* Data to examine
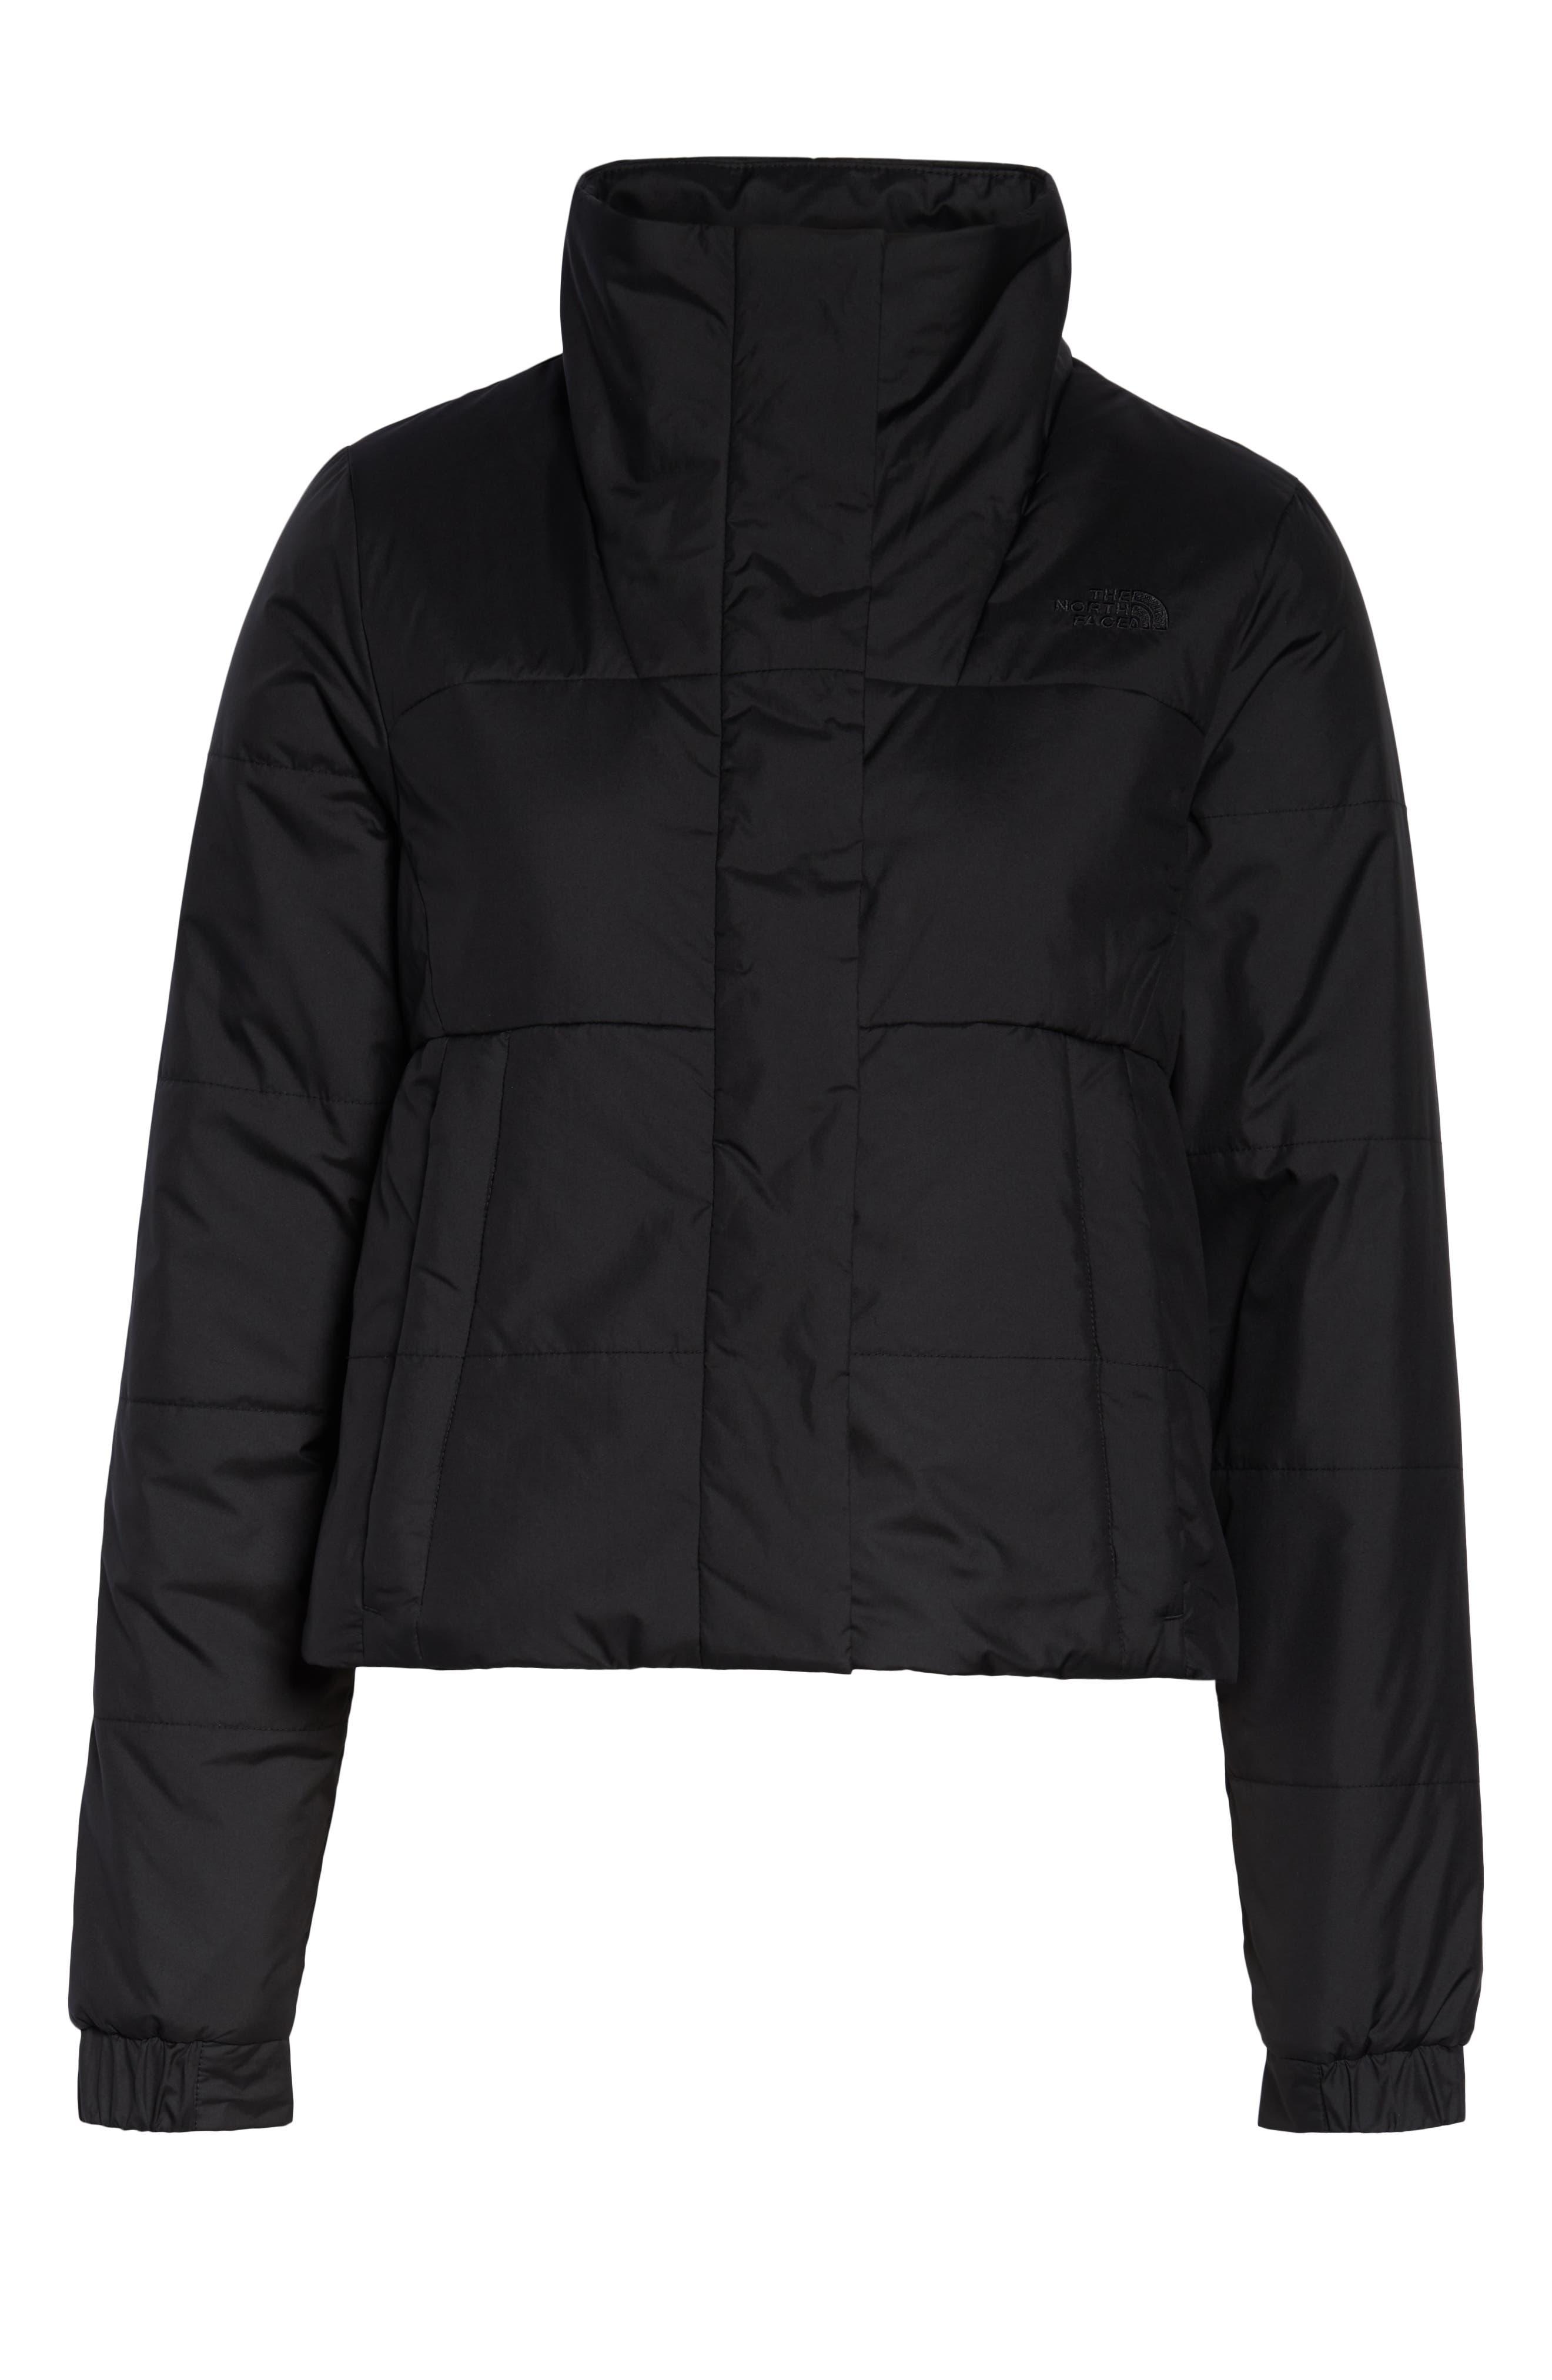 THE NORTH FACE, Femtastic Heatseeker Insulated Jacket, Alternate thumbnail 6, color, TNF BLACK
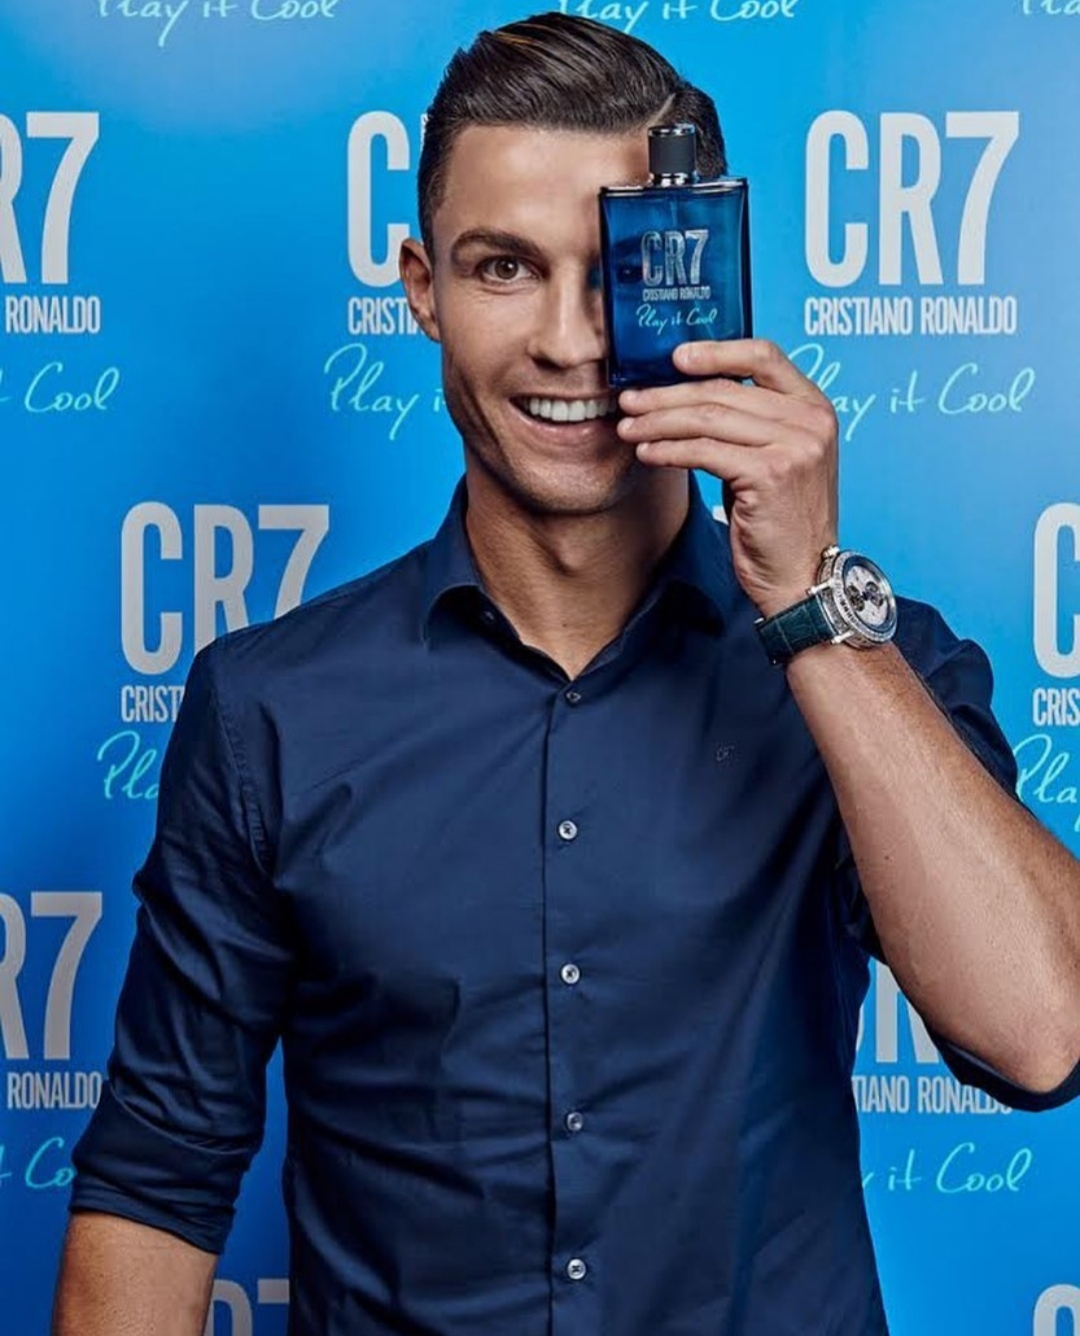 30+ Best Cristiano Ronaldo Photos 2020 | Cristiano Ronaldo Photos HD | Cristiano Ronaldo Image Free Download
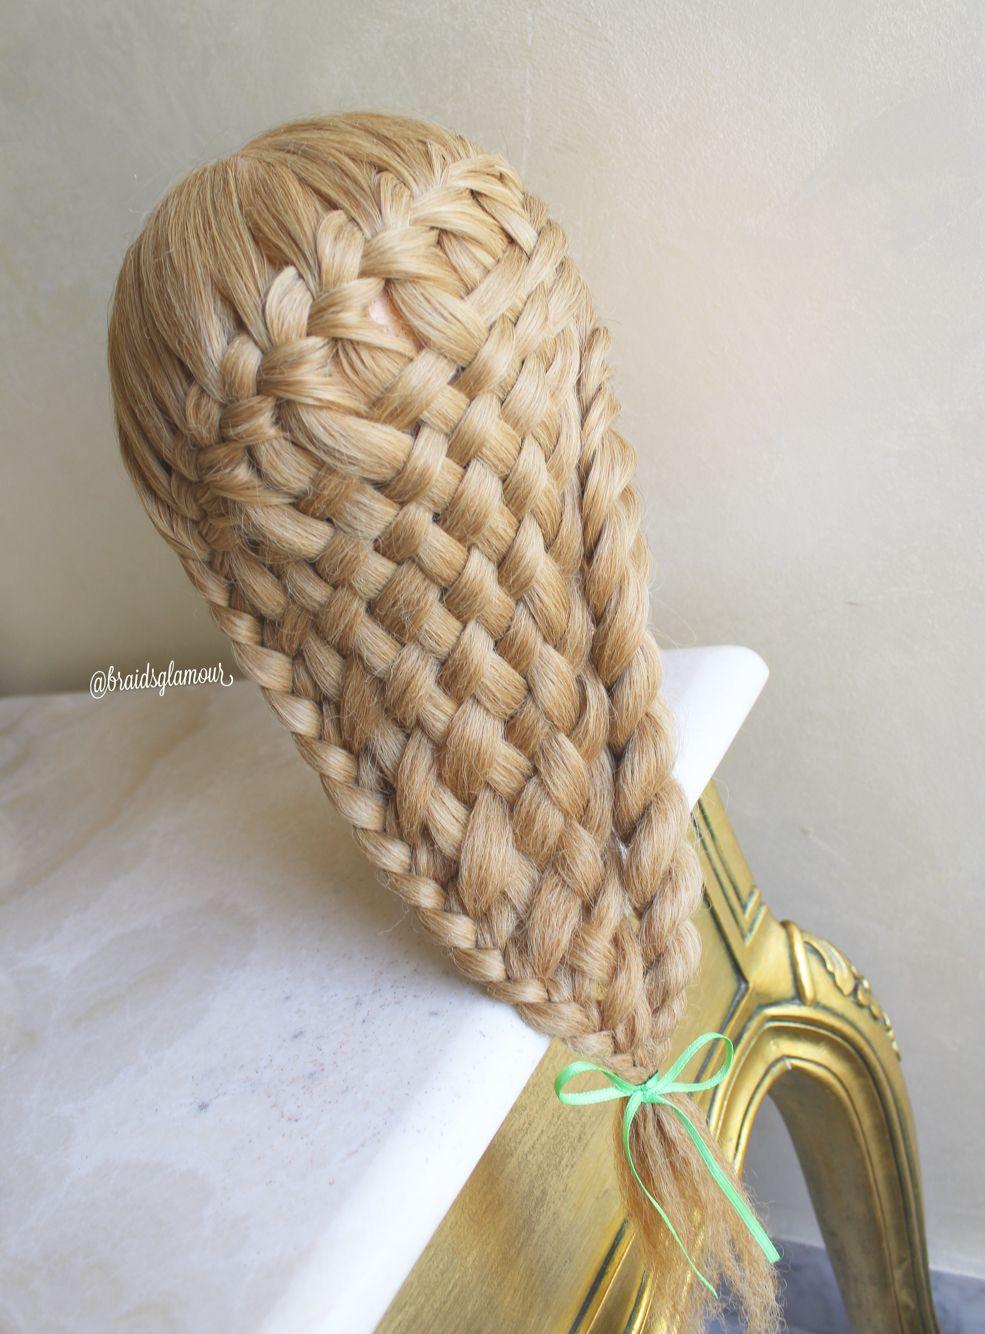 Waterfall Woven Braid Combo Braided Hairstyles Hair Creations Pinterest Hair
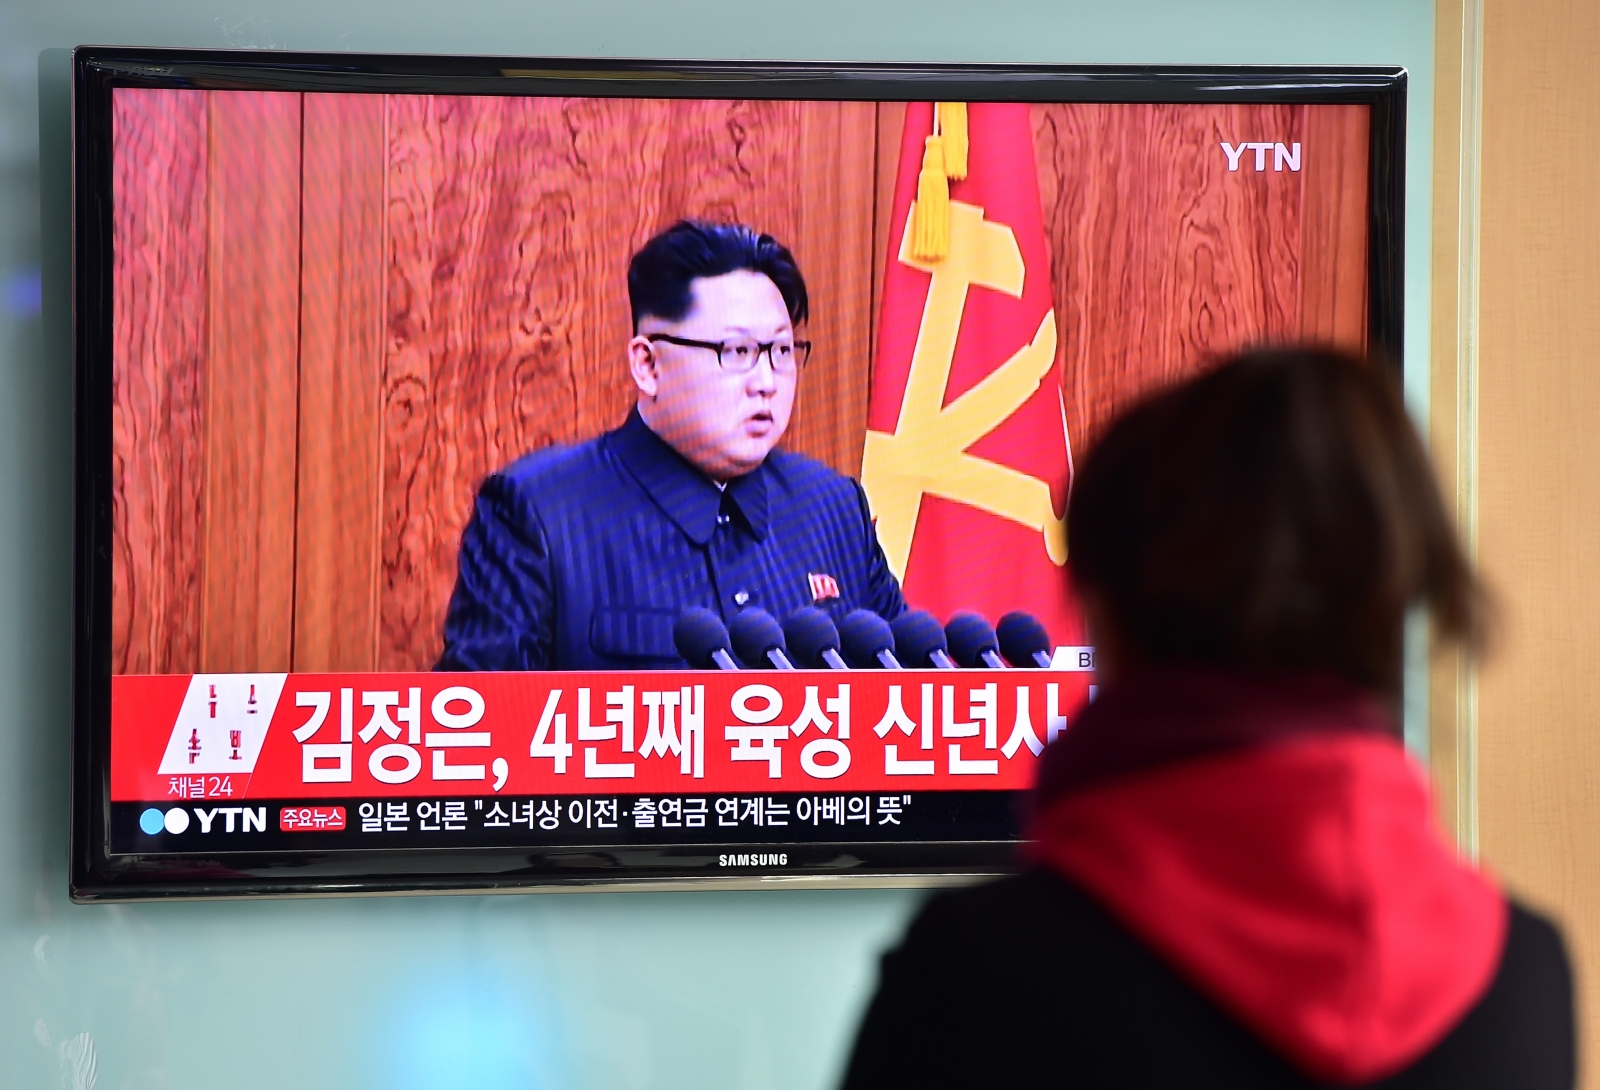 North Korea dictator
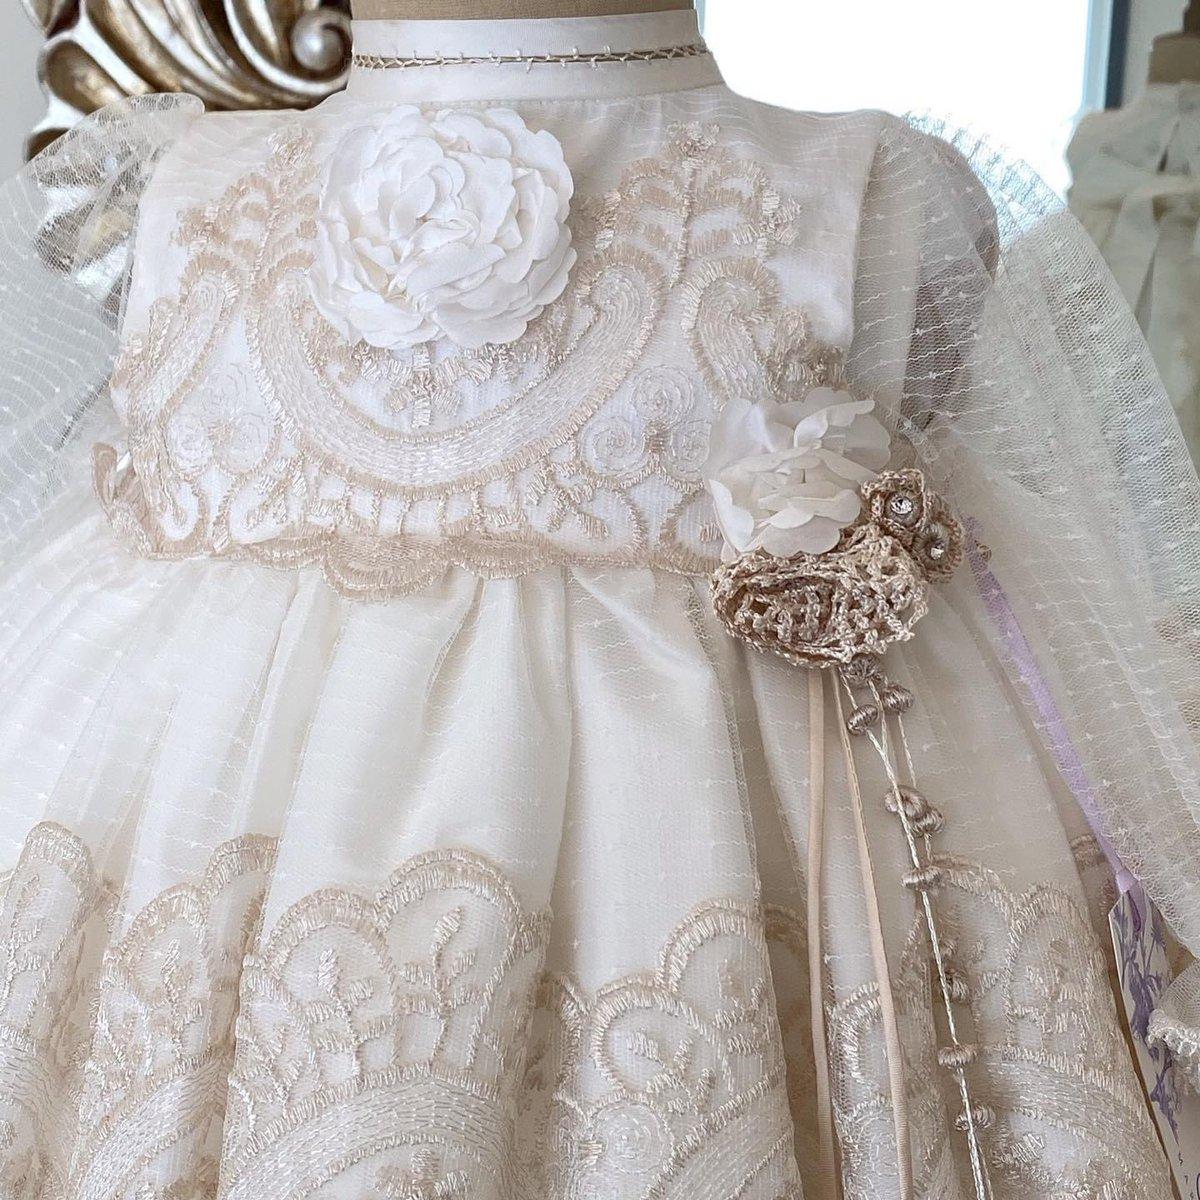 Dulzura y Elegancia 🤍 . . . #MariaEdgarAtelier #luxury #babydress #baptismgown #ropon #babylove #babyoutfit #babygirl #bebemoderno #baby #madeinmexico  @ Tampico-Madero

* Exercise brief
Set down the material above exactly. Skip any picture.

* Result
 THE NORTH FACE, Femtastic Heatseeker Insulated Jacket, Alternate thumbnail 6, color, TNF BLACK
 30+ Best Cristiano Ronaldo Photos 2020 | Cristiano Ronaldo Photos HD | Cristiano Ronaldo Image Free Download
 Waterfall Woven Braid Combo Braided Hairstyles Hair Creations Pinterest Hair
 North Korea dictator
 Dulzura y Elegancia 🤍 . . . #MariaEdgarAtelier #luxury #babydress #baptismgown #ropon #babylove #babyoutfit #babygirl #bebemoderno #baby #madeinmexico  @ Tampico-Madero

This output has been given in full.